Novelty Christmas Record

Christian Crusaders and Al Davis (especially Al Davis) reported 'angered' by William Empson's anti-Christianity, 'gigging again', considering rush re-release of 'Gay Weddings Make Jesus Cry' for Christmas market.

Wednesday, November 29, 2006

Against the Christians

As gleaned from the second volume, Against the Christians, of John Haffenden’s biography of William Empson:

As a girl, Hetta Crouse (later Empson) taught herself to urinate forwards standing up.

The text, all twenty-six stanzas of it, of ‘Praise of the Wife’, Empson’s paean to troilism, the 'love with three corners' ('I loved you in bed with young men, /Your arousers and foils and adorners /Who would yield to me then'.)

He expressed his passing disapproval of his wife giving birth to a child out of wedlock by downgrading his usual epistolary salutation from 'Dearest Hetta' to 'My Dear Hetta'.

His idea of keeping a friendship in good repair was endless cheerful hectoring, disagreement and needle. He once sent T.S. Eliot ‘the most insulting letter which I have ever received.’

Despite the covers of those old purple Hogarth Press editions of Seven Types of Ambiguity etc, Empson’s beard was indeed once attached to the front of his chin, before taking up residence exclusively underneath it.

Speaking at the 1982 Joyce centenary celebrations in Dublin, Empson was incoherent and inaudible, wandered offstage at one point for five minutes, and frequently appeared not to know where he was.

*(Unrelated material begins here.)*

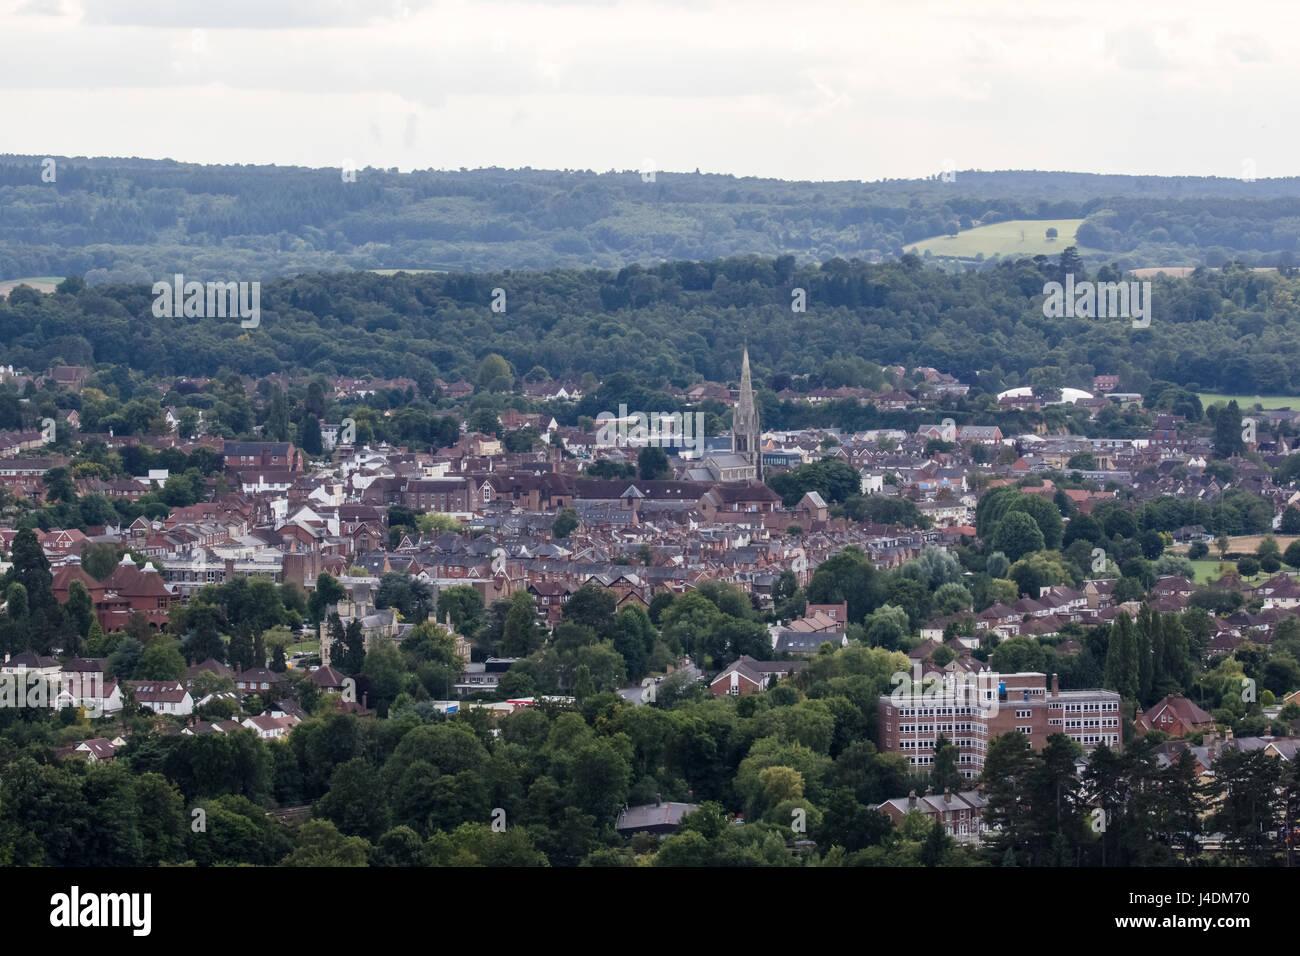 Blick über den Markt der Stadt Dorking, Surrey, England, von der Oberseite der Box Hill, North Downs. Surrey Stockbild

During an ill-starred year at Penn State, Empson 'once, for some minutes, watched my neighbour's door lamp through my telescope, thinking it Venus', reports Paul West.

Outside the pages of Haffenden's book, a friend tells me his wife was once interviewed by Empson in Sheffield from underneath a desk from which he at no point emerged, before, during or after.

Another Empson story I've heard, I can't remember who from, is his interruption of a poetry reading he was giving with the words 'I've set my beard on fire', as indeed he had, with his outstretched cigarette holder. Perhaps this was the bushfire that sent the shrubbery into that retreat below his chin.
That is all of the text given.